AIM OF THE EXERCISE:
Reproduction of part of the material below, pictures omitted: copy exactly, and only, the lines starting with the one with "Field from Above" and going on through the one with "fleur de lotus".

INPUT:
______________________________
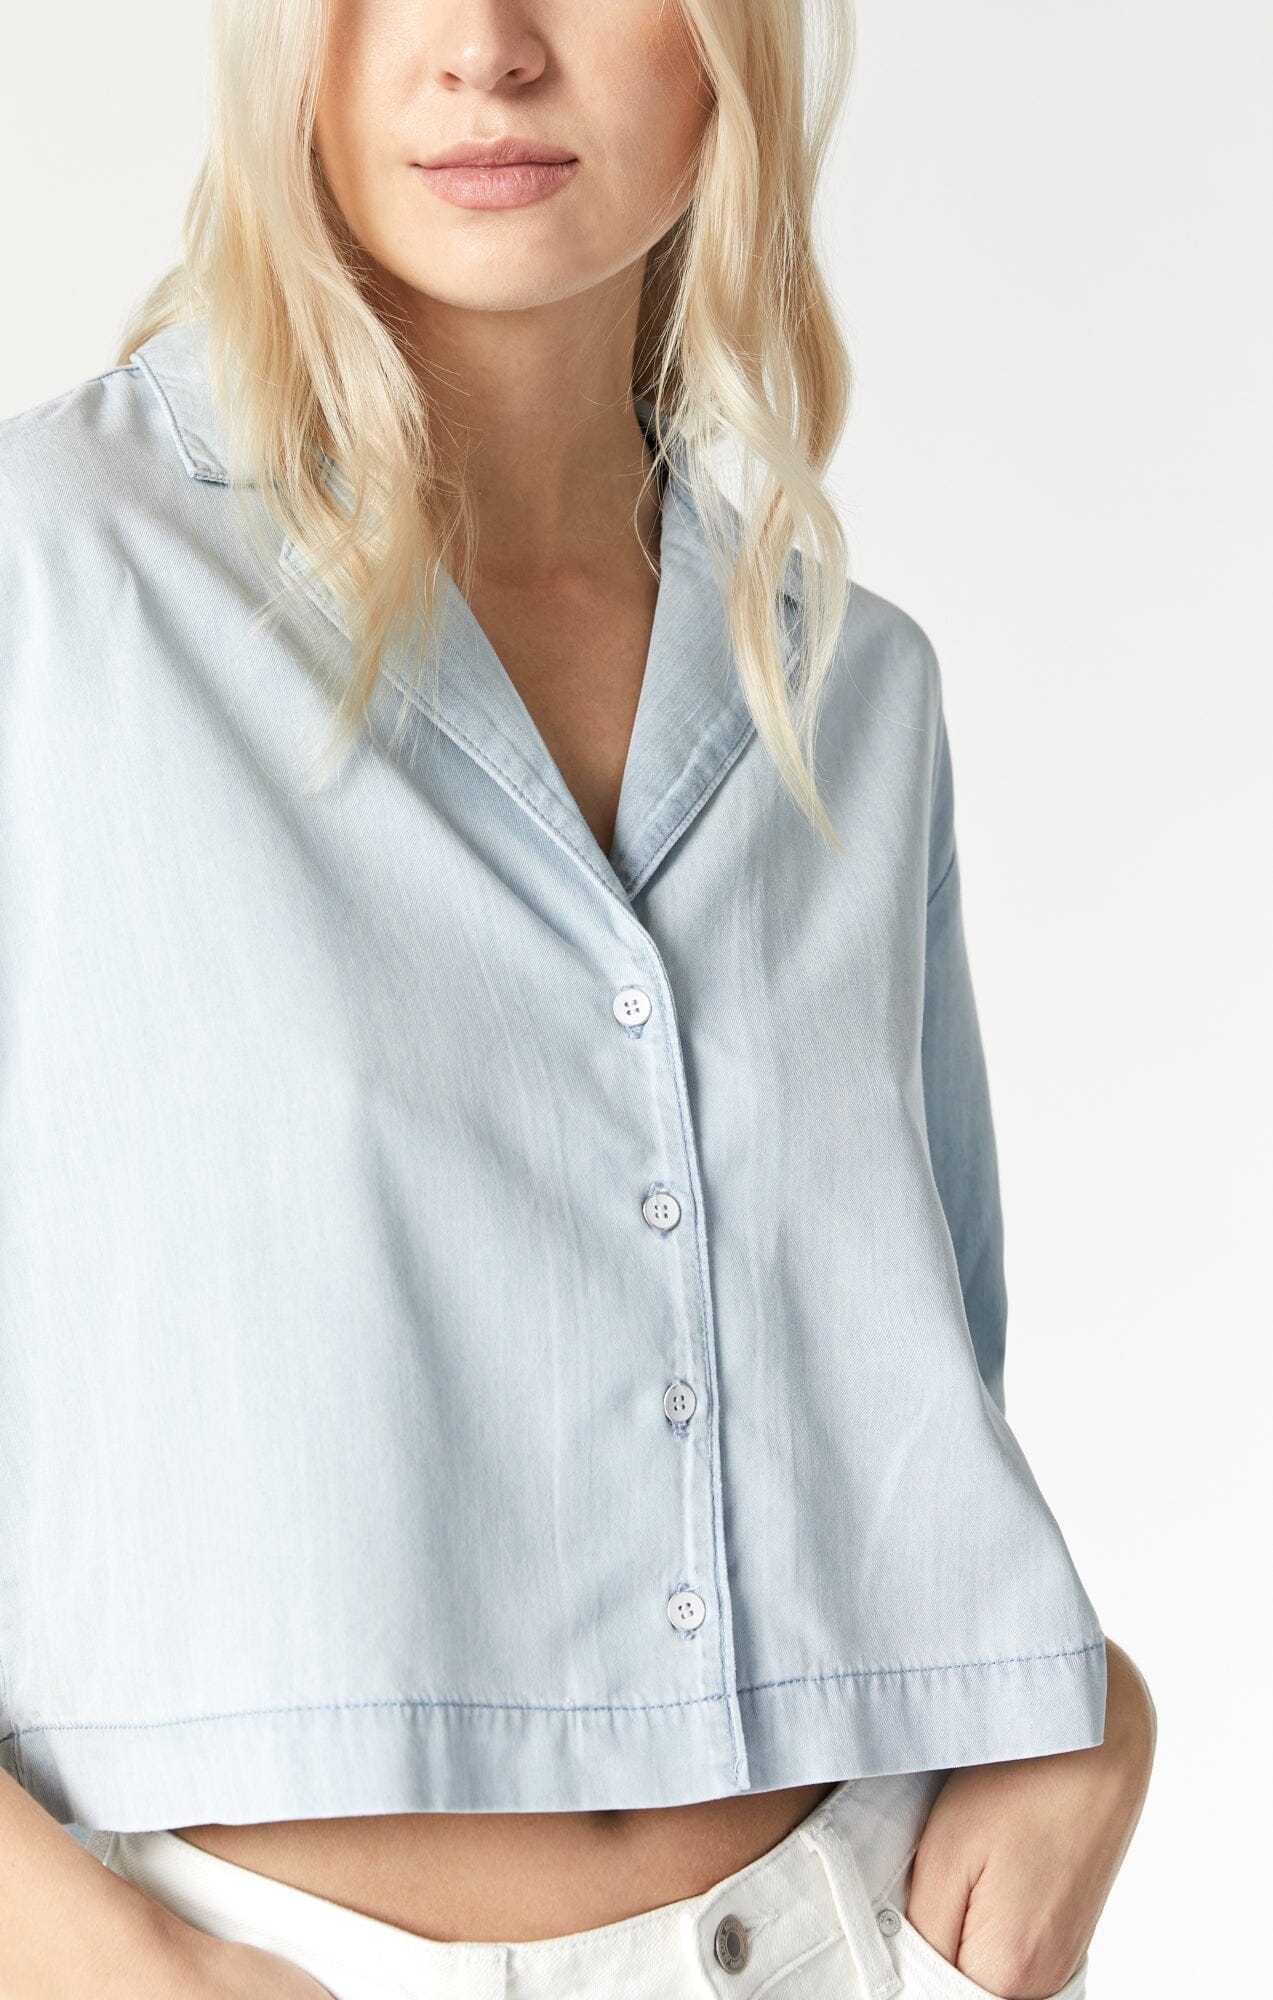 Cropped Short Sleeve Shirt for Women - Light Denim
______________________________
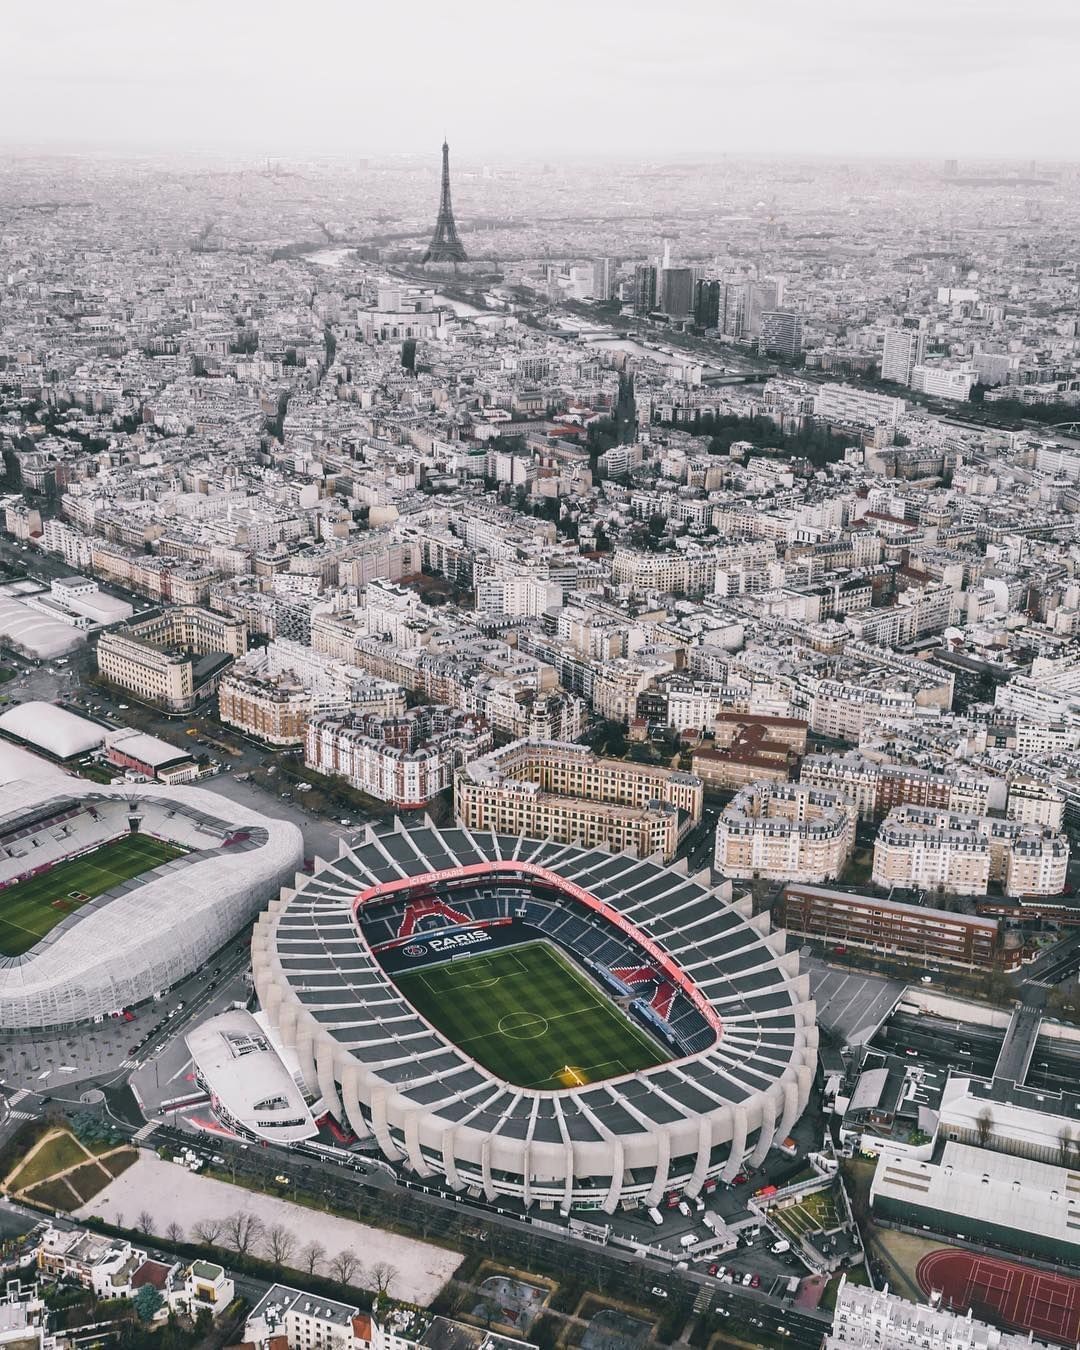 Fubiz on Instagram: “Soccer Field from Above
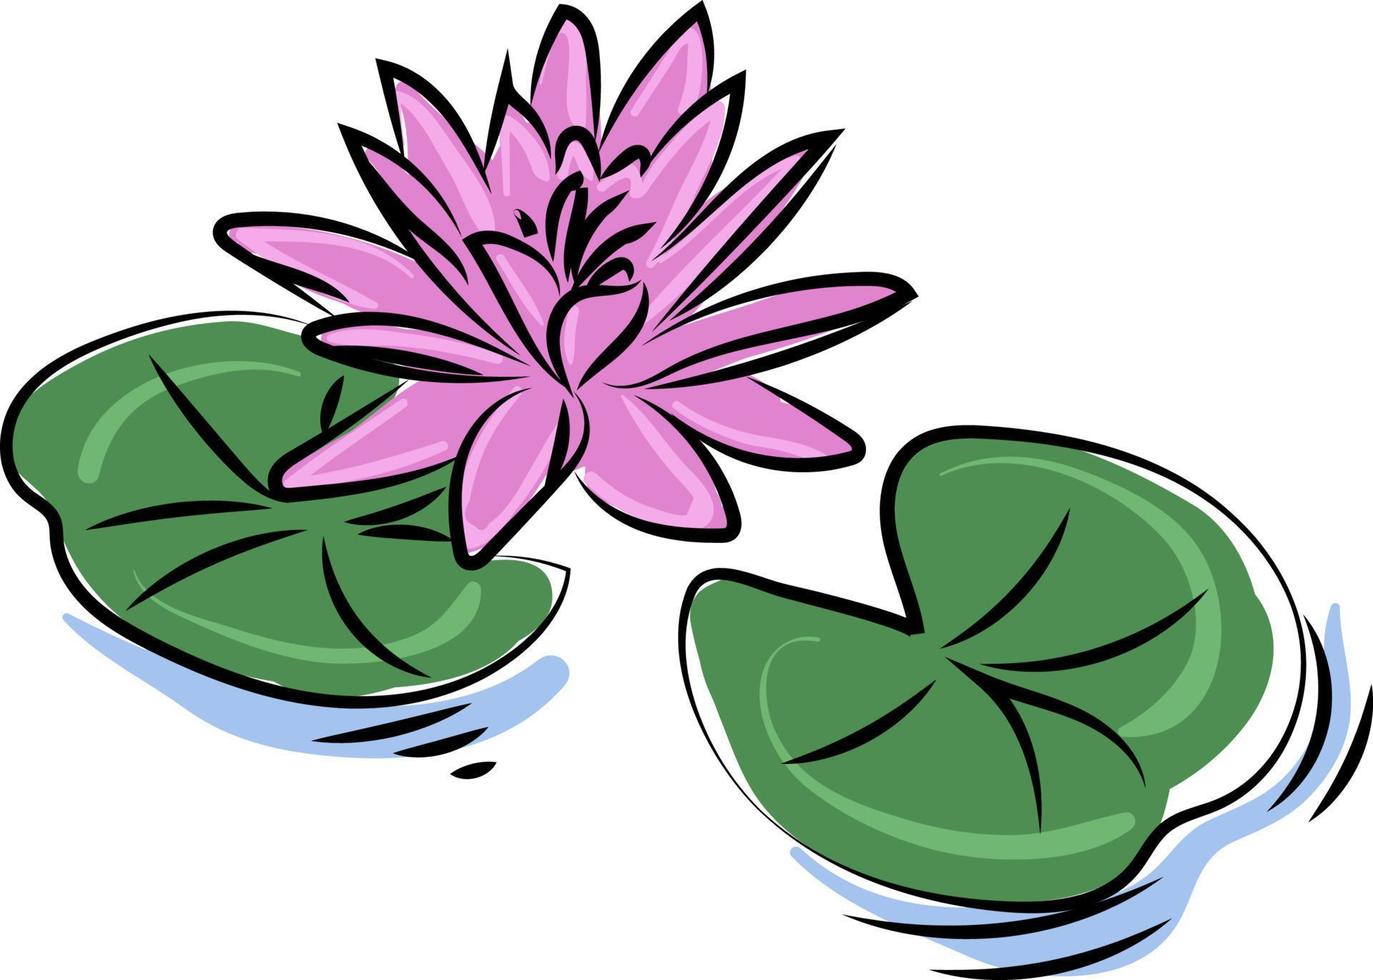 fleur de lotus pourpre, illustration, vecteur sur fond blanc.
______________________________
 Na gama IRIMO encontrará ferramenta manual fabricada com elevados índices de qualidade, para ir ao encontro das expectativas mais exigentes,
______________________________
TASK ANSWER:
 Fubiz on Instagram: “Soccer Field from Above
 fleur de lotus pourpre, illustration, vecteur sur fond blanc.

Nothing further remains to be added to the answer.